EXERCISE INSTRUCTIONS →
With the pictures excluded, reproduce all of the data exactly.

MATERIAL FOR THE TASK →
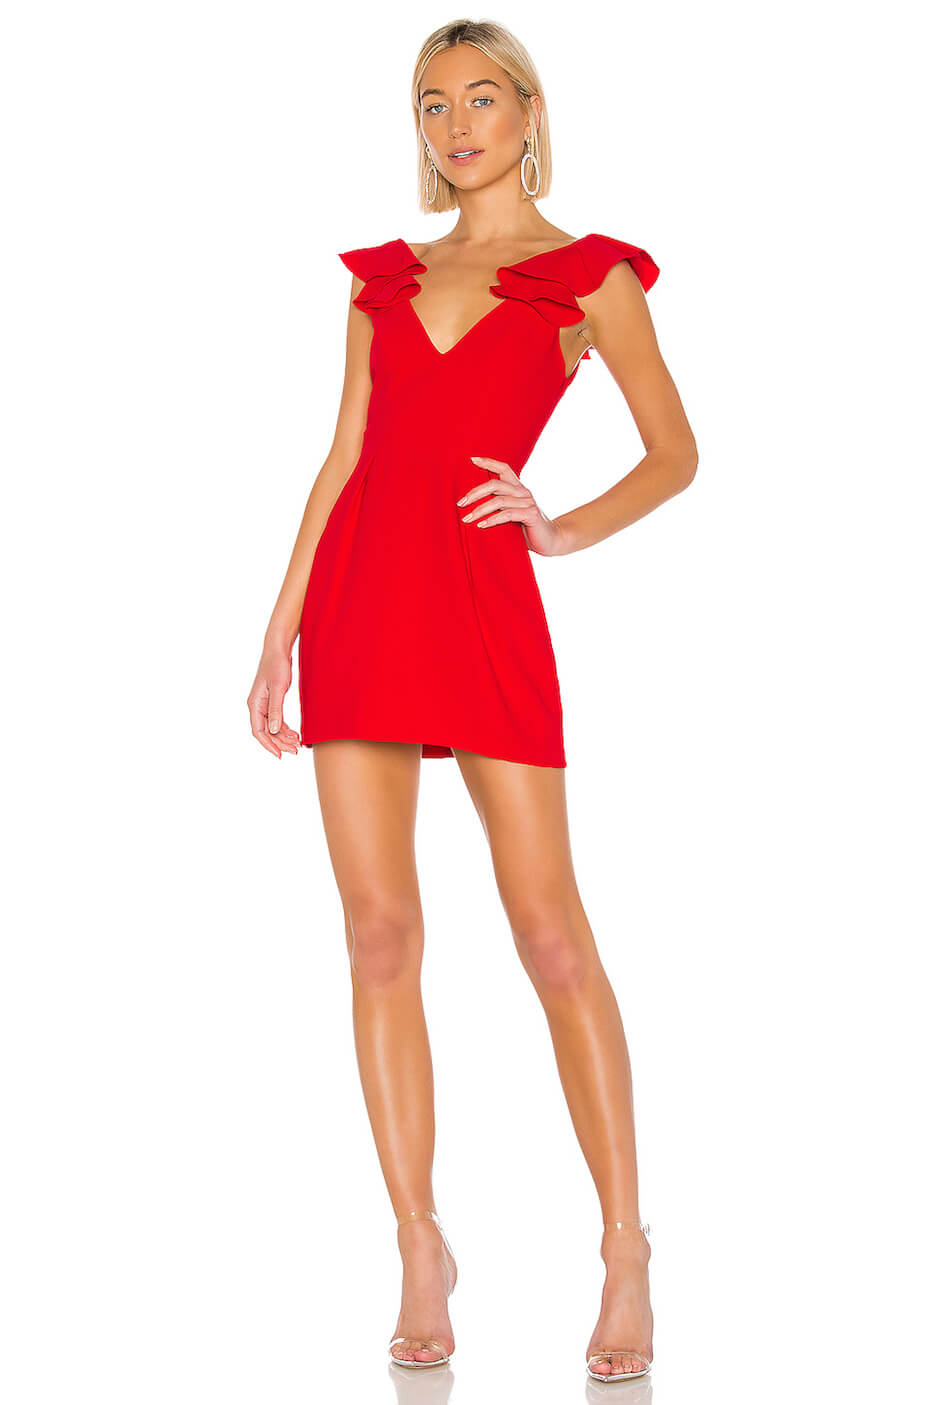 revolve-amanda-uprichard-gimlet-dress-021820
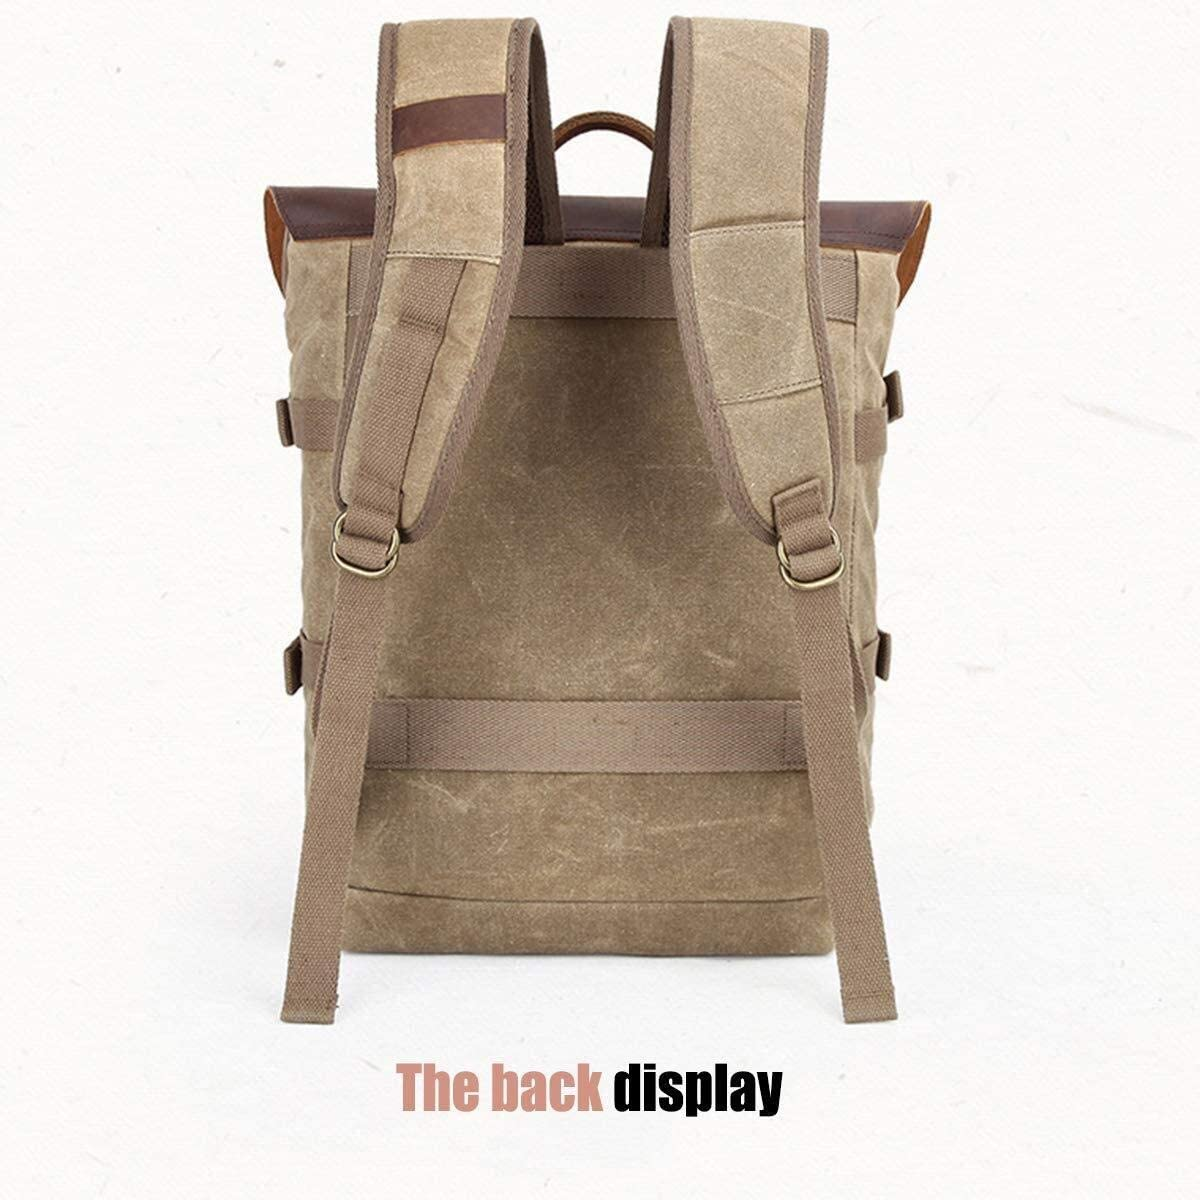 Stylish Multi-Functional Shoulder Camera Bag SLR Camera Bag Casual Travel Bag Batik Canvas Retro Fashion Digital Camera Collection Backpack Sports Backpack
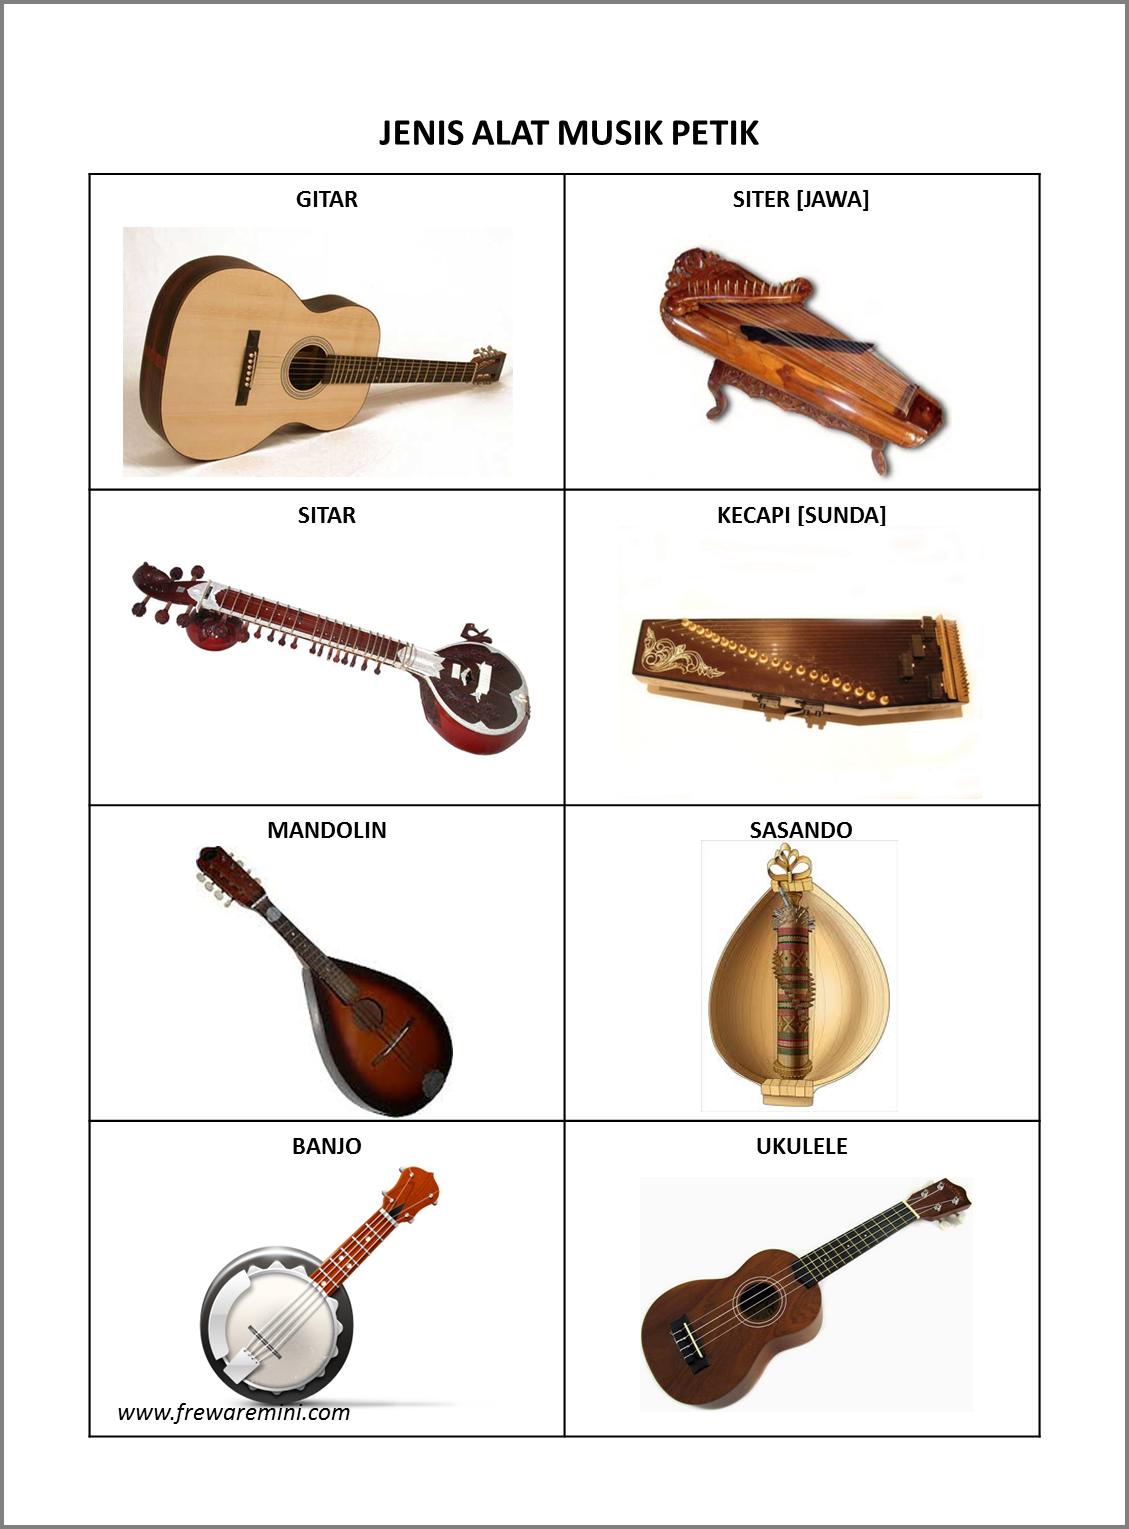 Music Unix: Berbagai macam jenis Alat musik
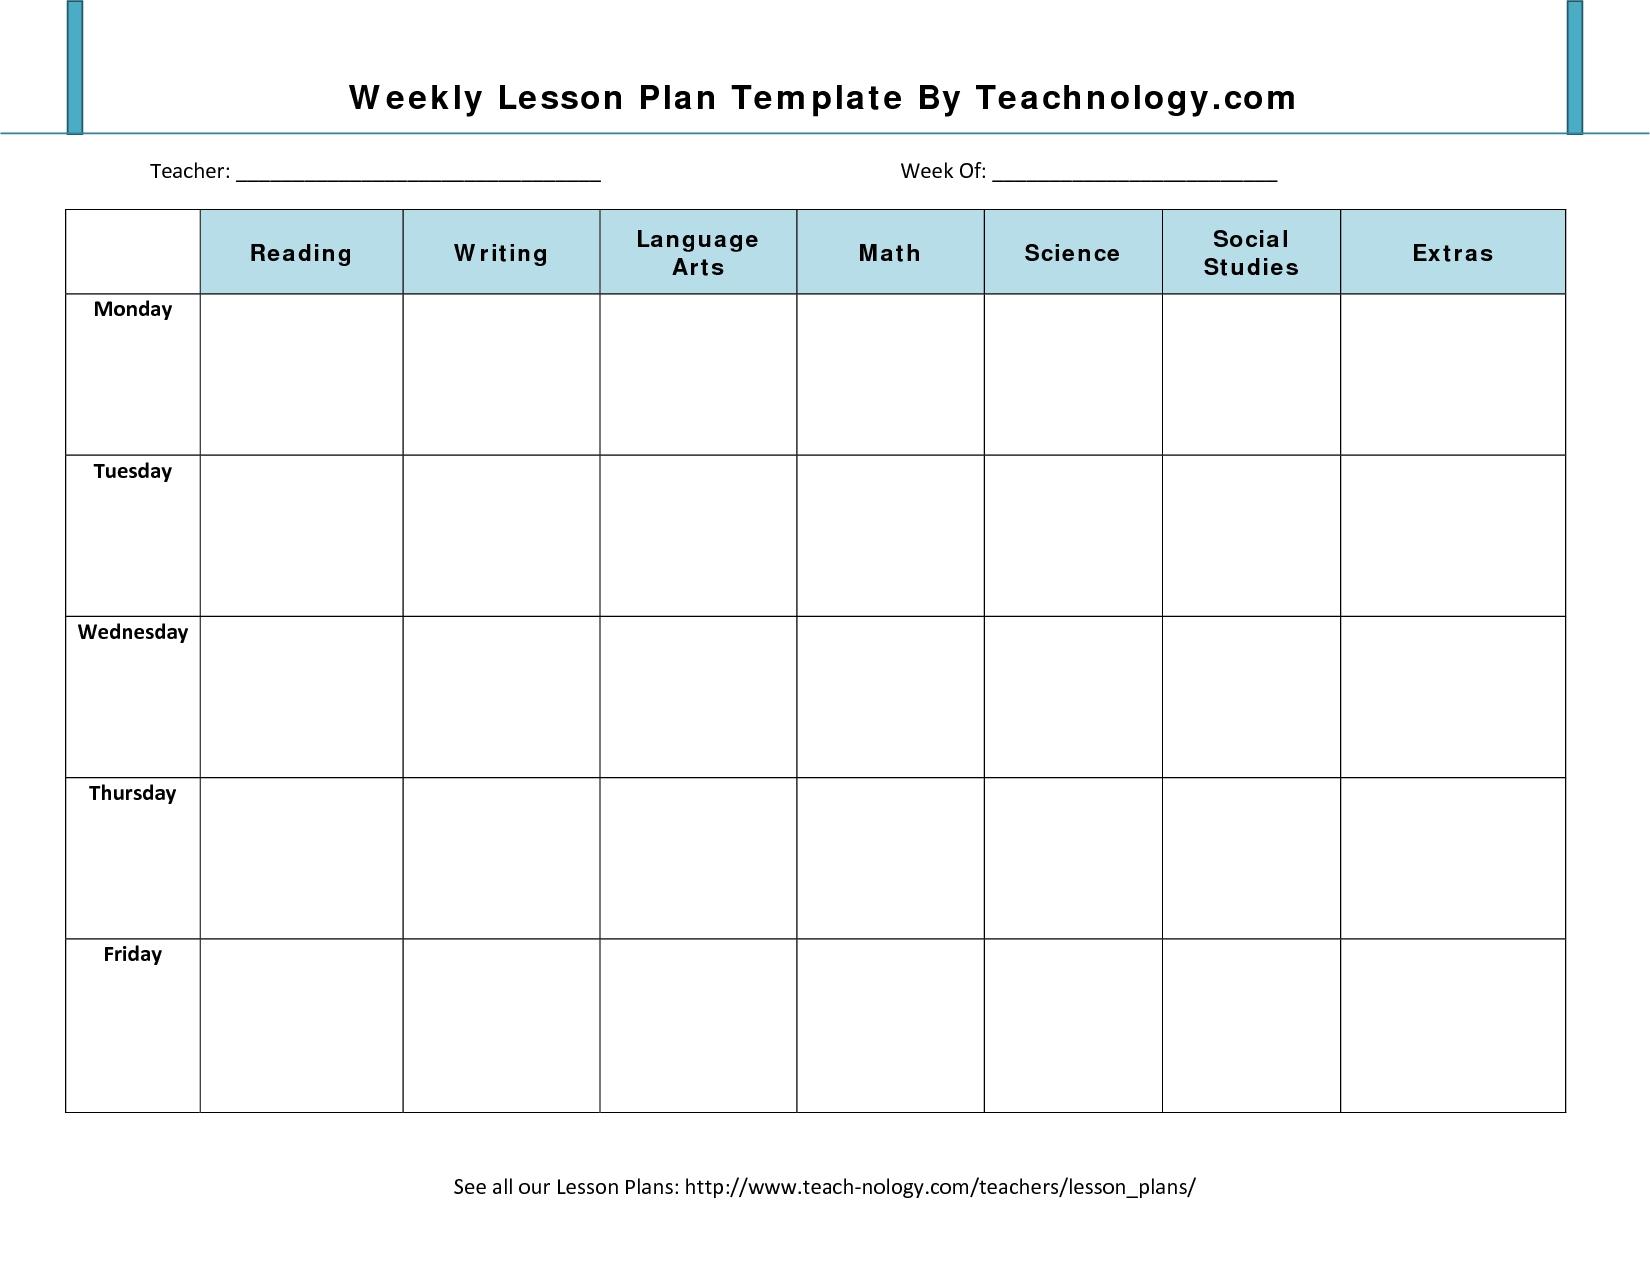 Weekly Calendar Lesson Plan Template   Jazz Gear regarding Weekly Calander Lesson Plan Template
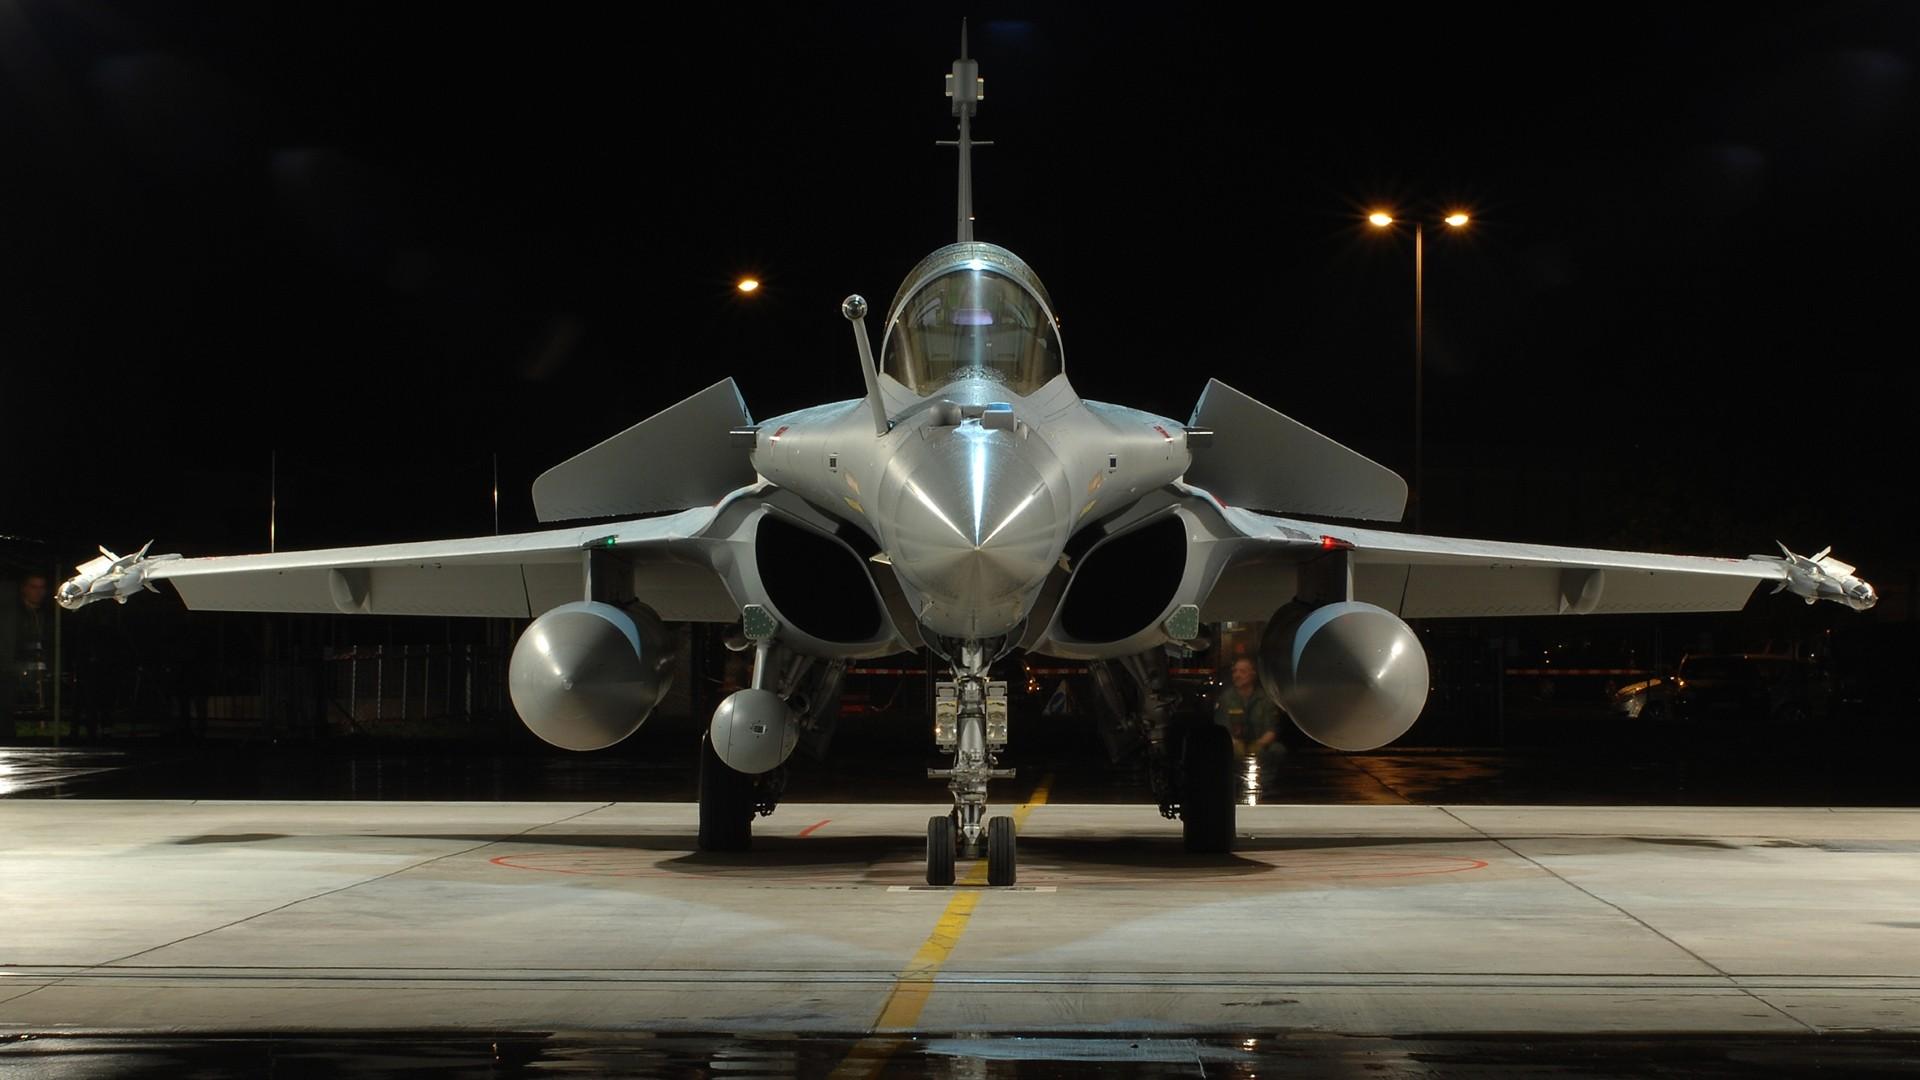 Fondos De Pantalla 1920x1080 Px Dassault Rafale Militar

OUTPUT OF THE EXERCISE →
 revolve-amanda-uprichard-gimlet-dress-021820
 Stylish Multi-Functional Shoulder Camera Bag SLR Camera Bag Casual Travel Bag Batik Canvas Retro Fashion Digital Camera Collection Backpack Sports Backpack
 Music Unix: Berbagai macam jenis Alat musik
 Weekly Calendar Lesson Plan Template   Jazz Gear regarding Weekly Calander Lesson Plan Template
 Fondos De Pantalla 1920x1080 Px Dassault Rafale Militar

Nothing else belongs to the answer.